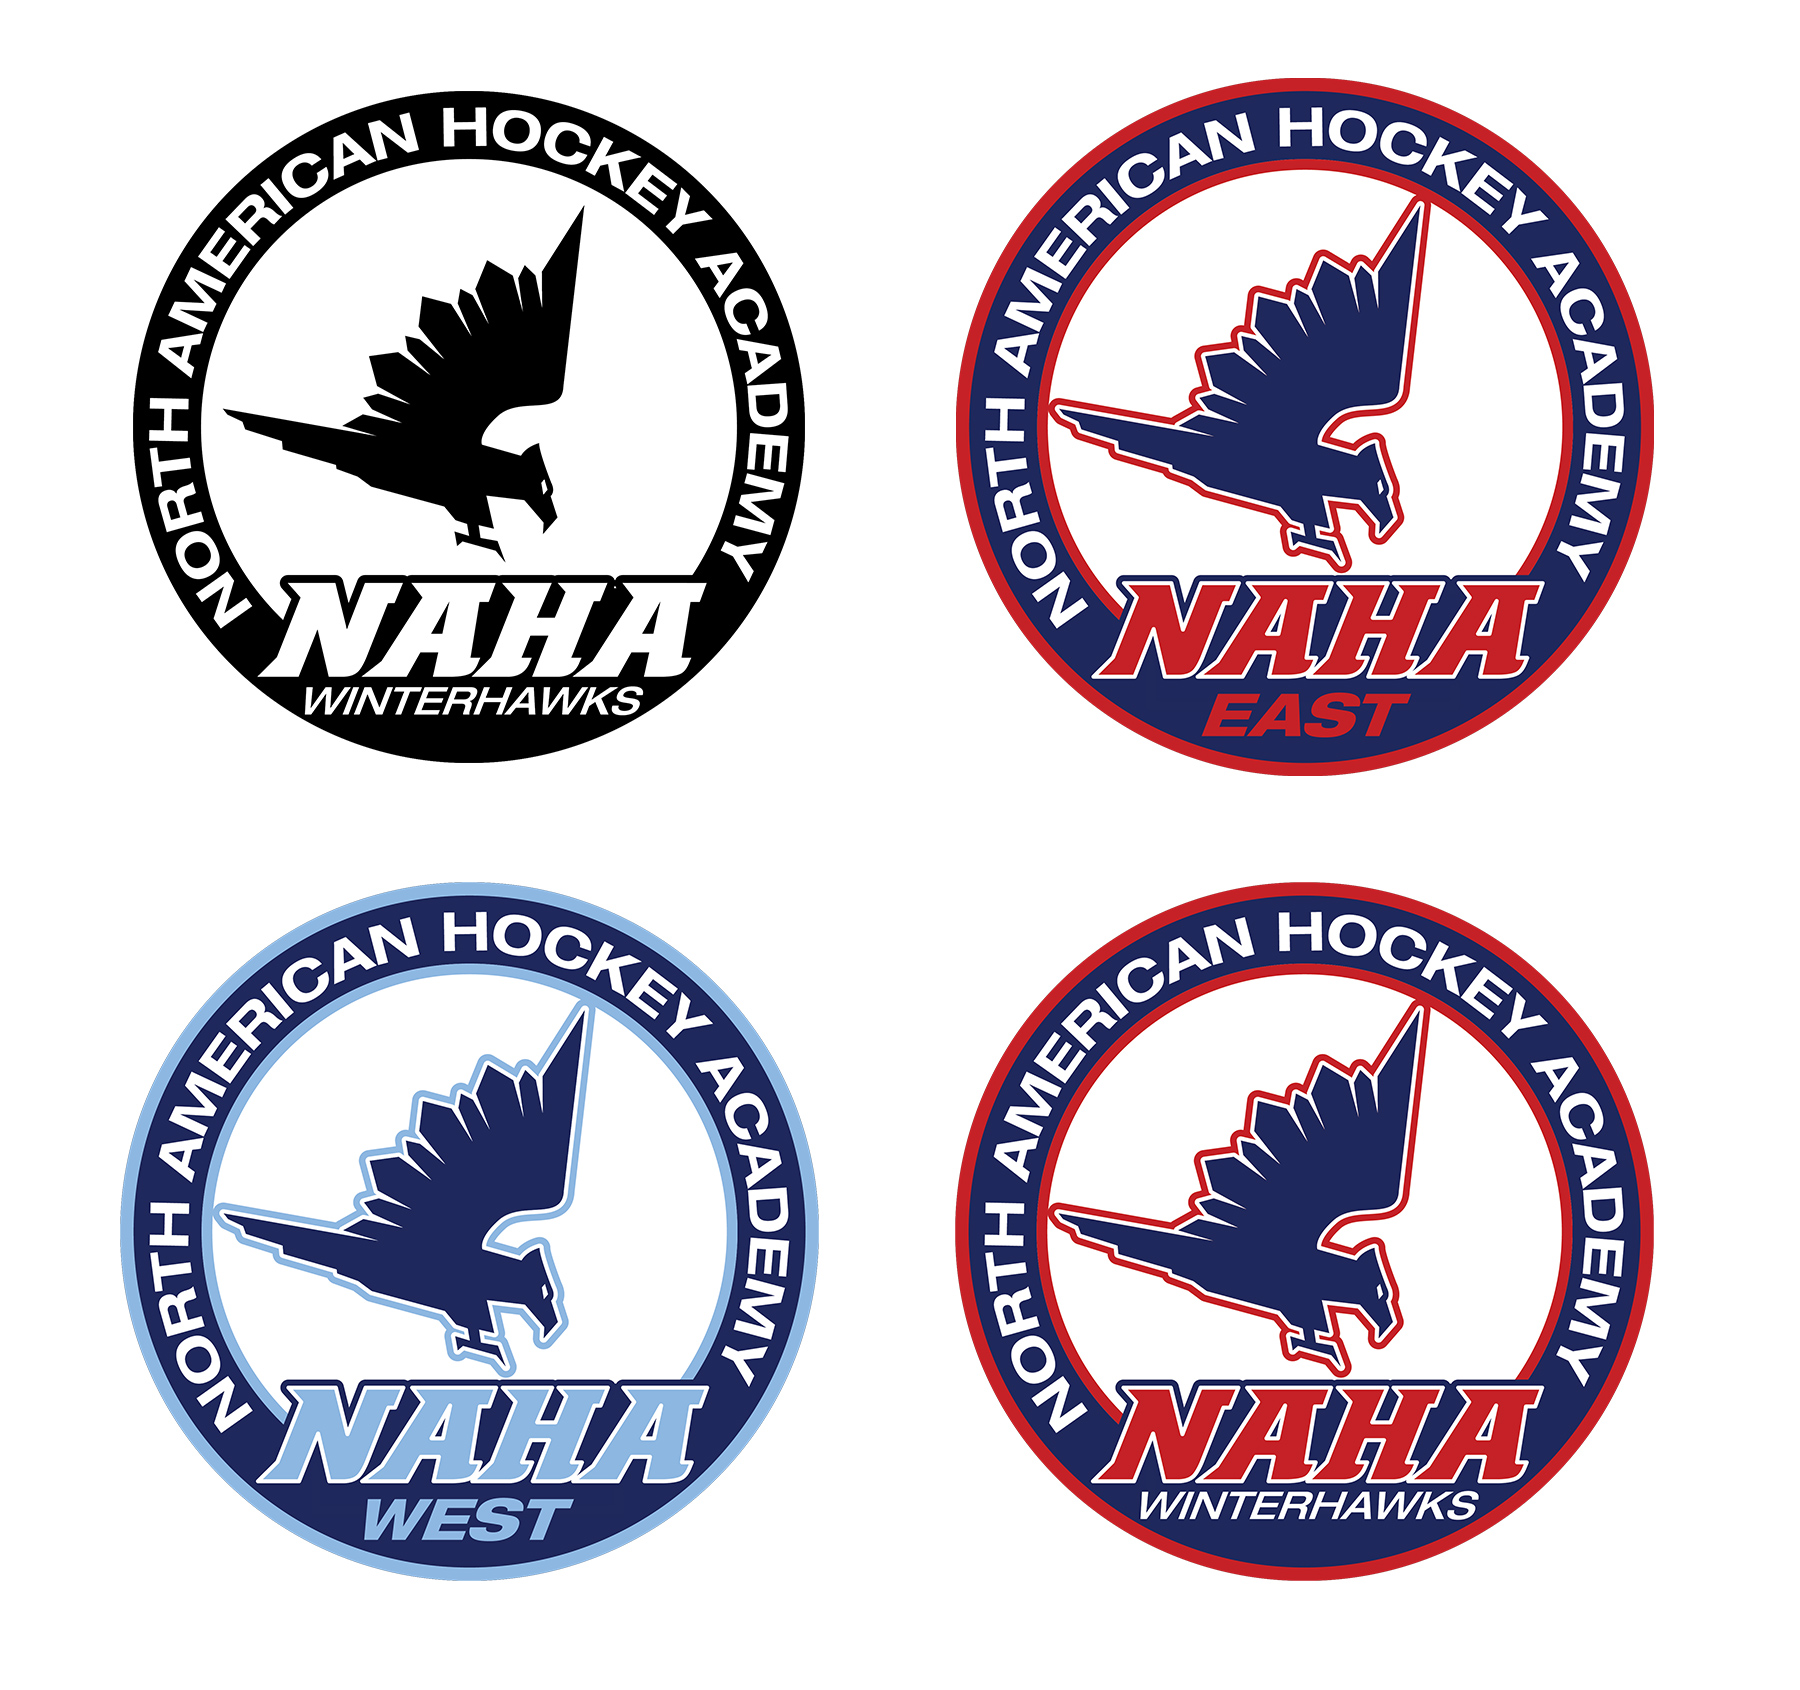 naha_round_logos.jpg
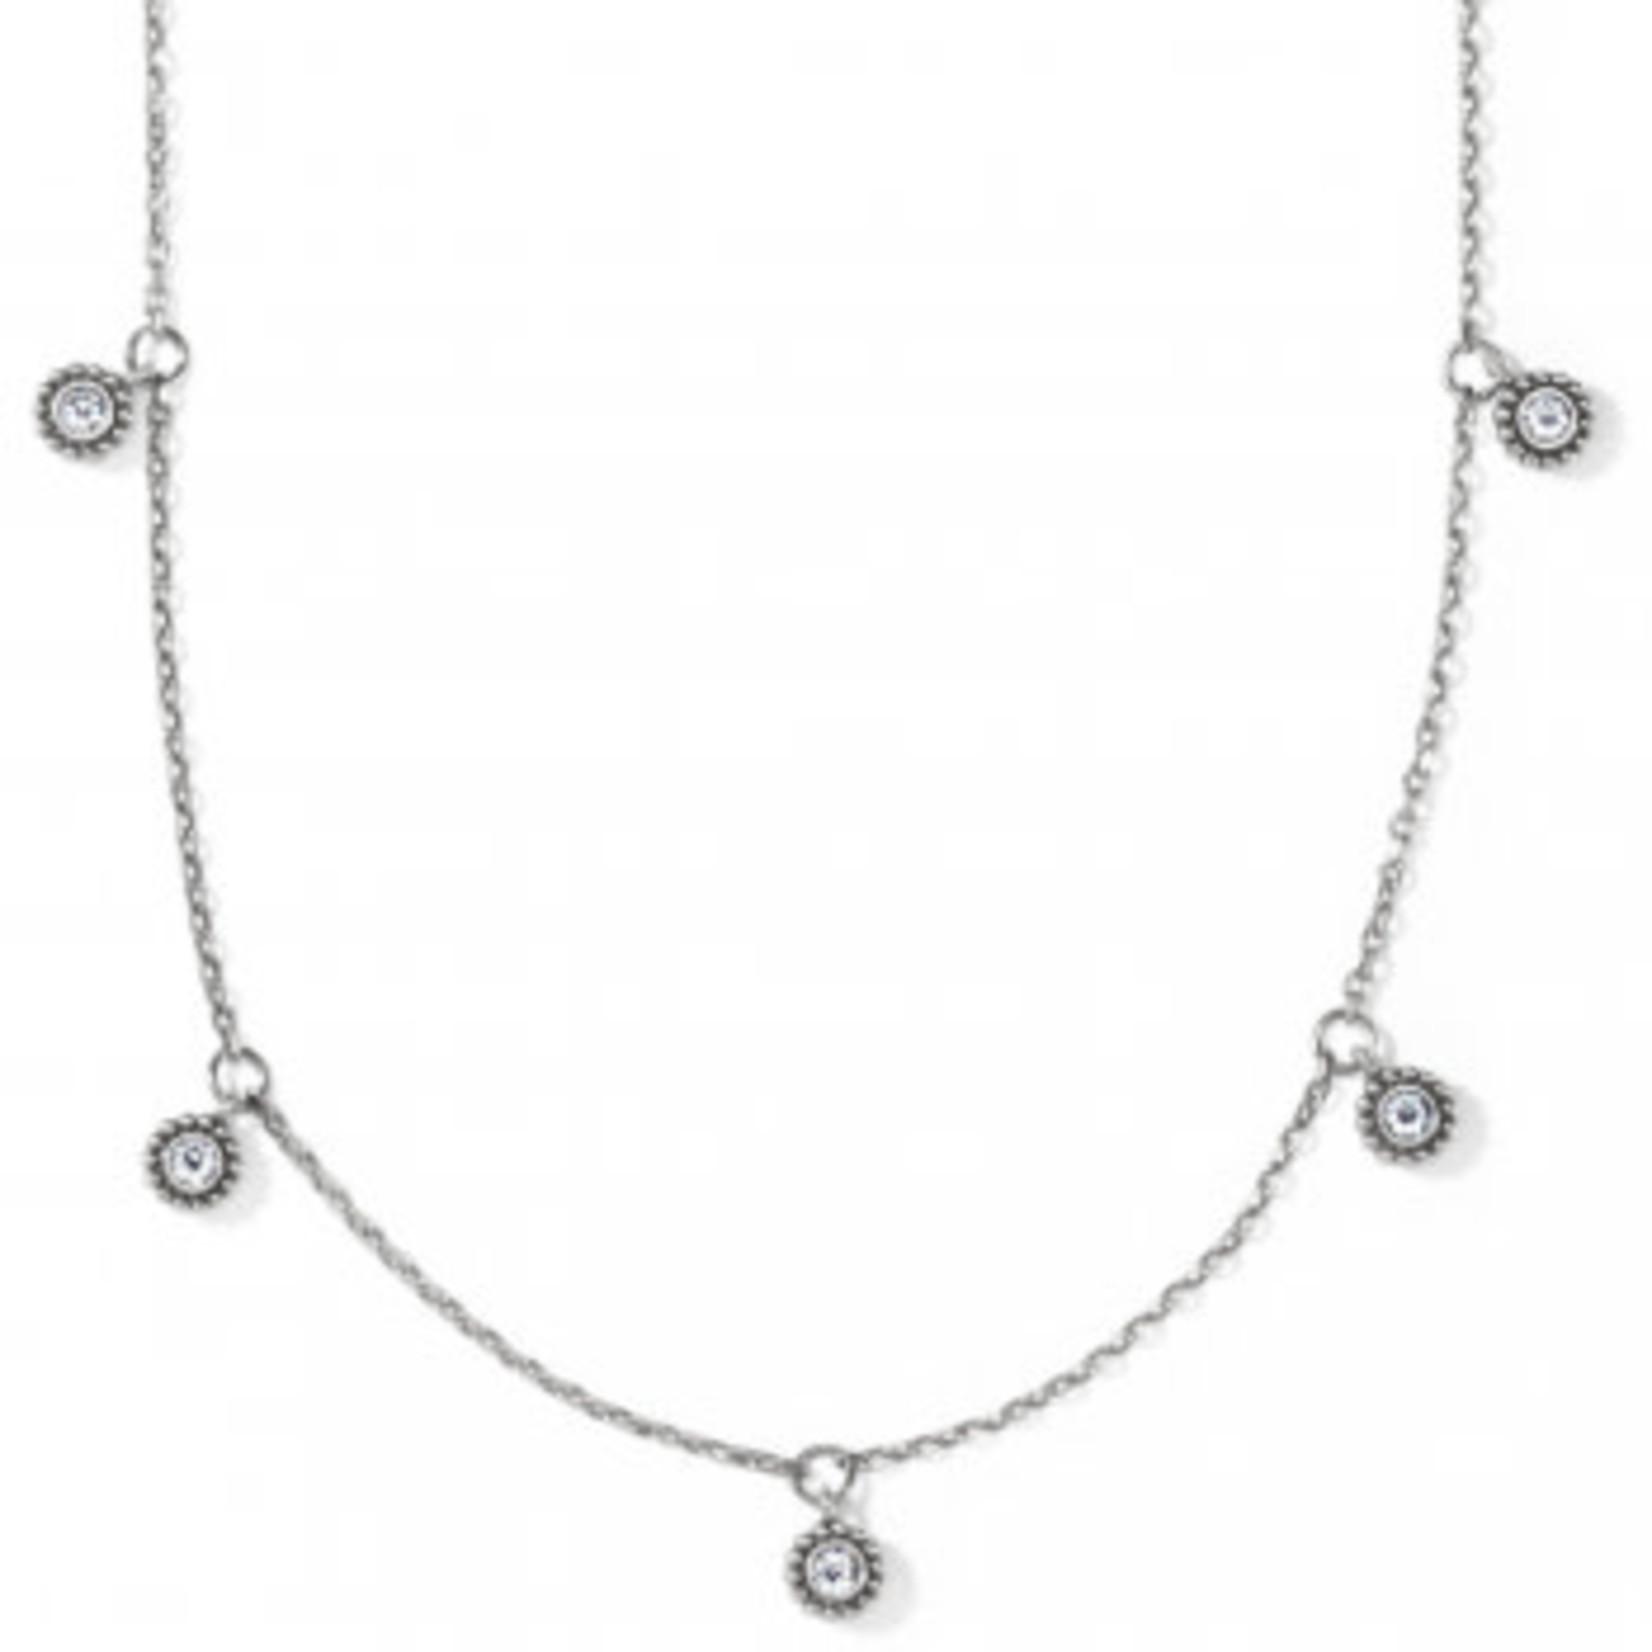 Brighton Twinkle Splendor Droplet Necklace Silver
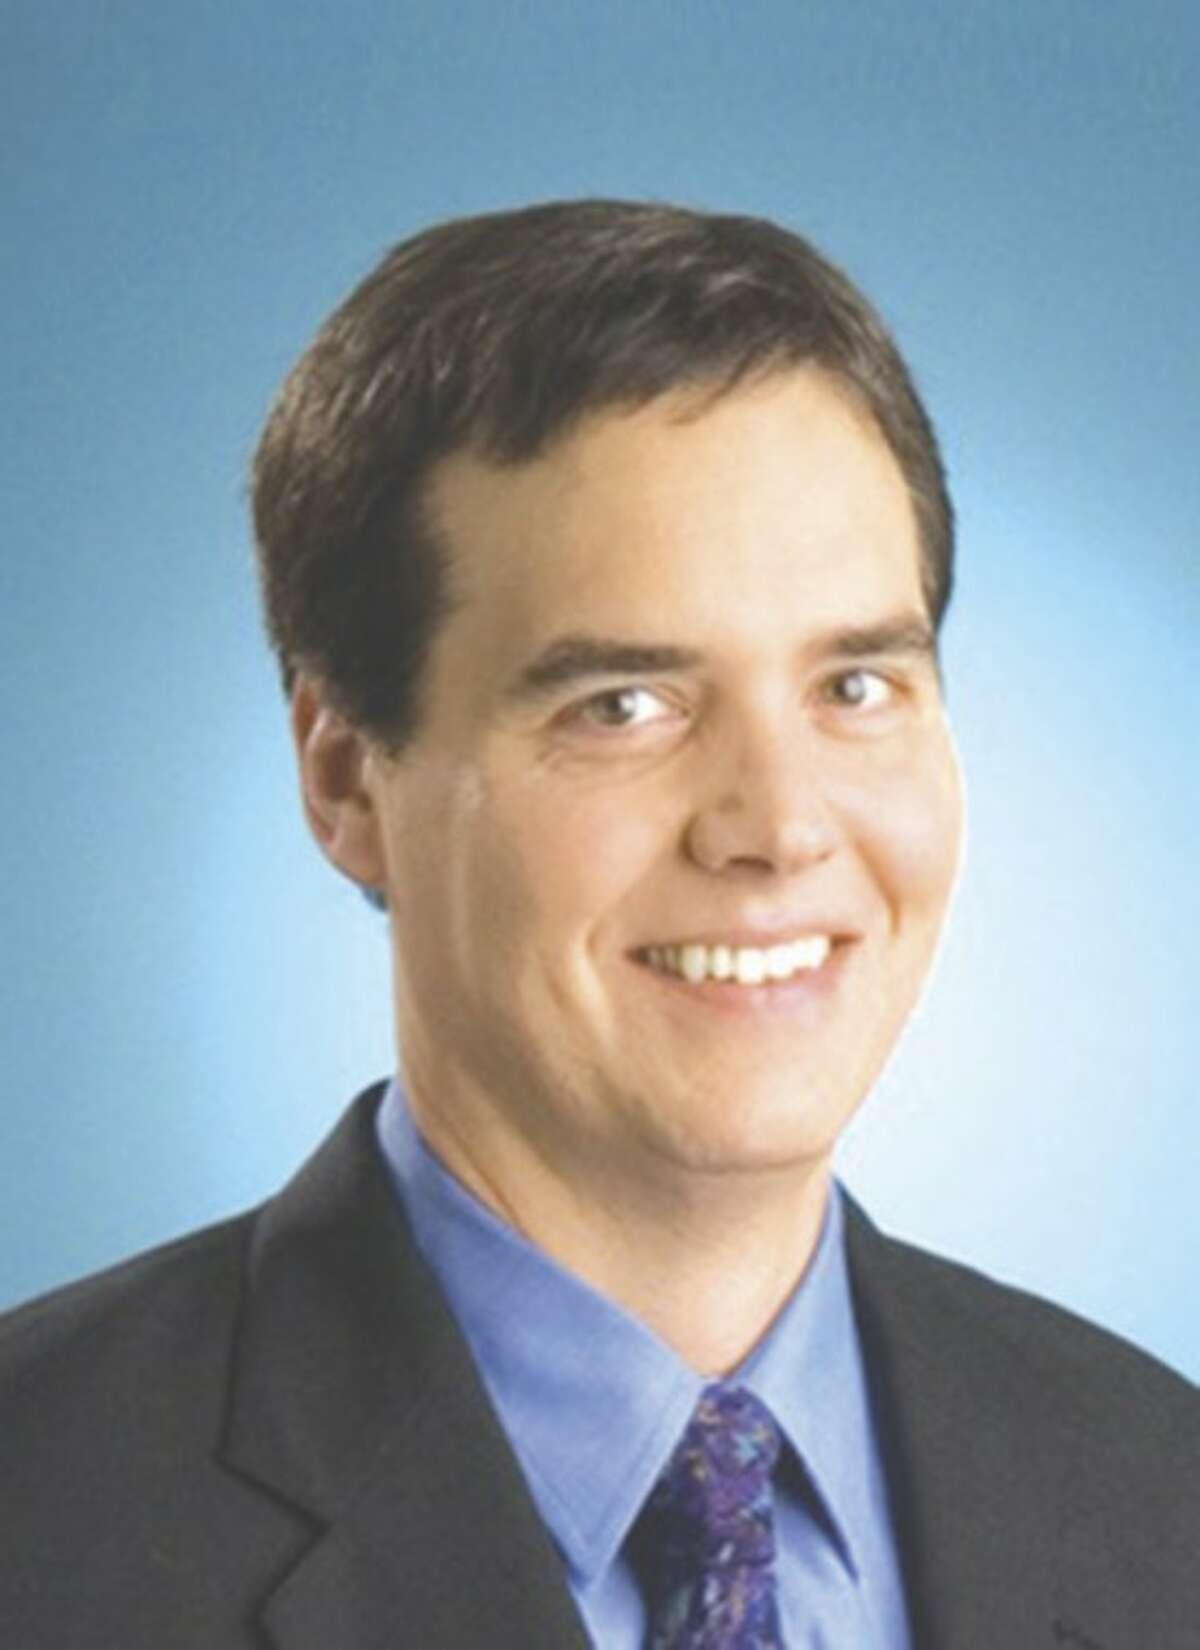 Robert Noecker, MD, MBA
____________
WORK ITEM – Set down exactly, from the line that contains "Brighton Twinkle Splendor" through the last line of the data, each line as it stands, and leave the pictures out.

REPLY TO THE EXERCISE –
 Brighton Twinkle Splendor Droplet Necklace Silver
 Robert Noecker, MD, MBA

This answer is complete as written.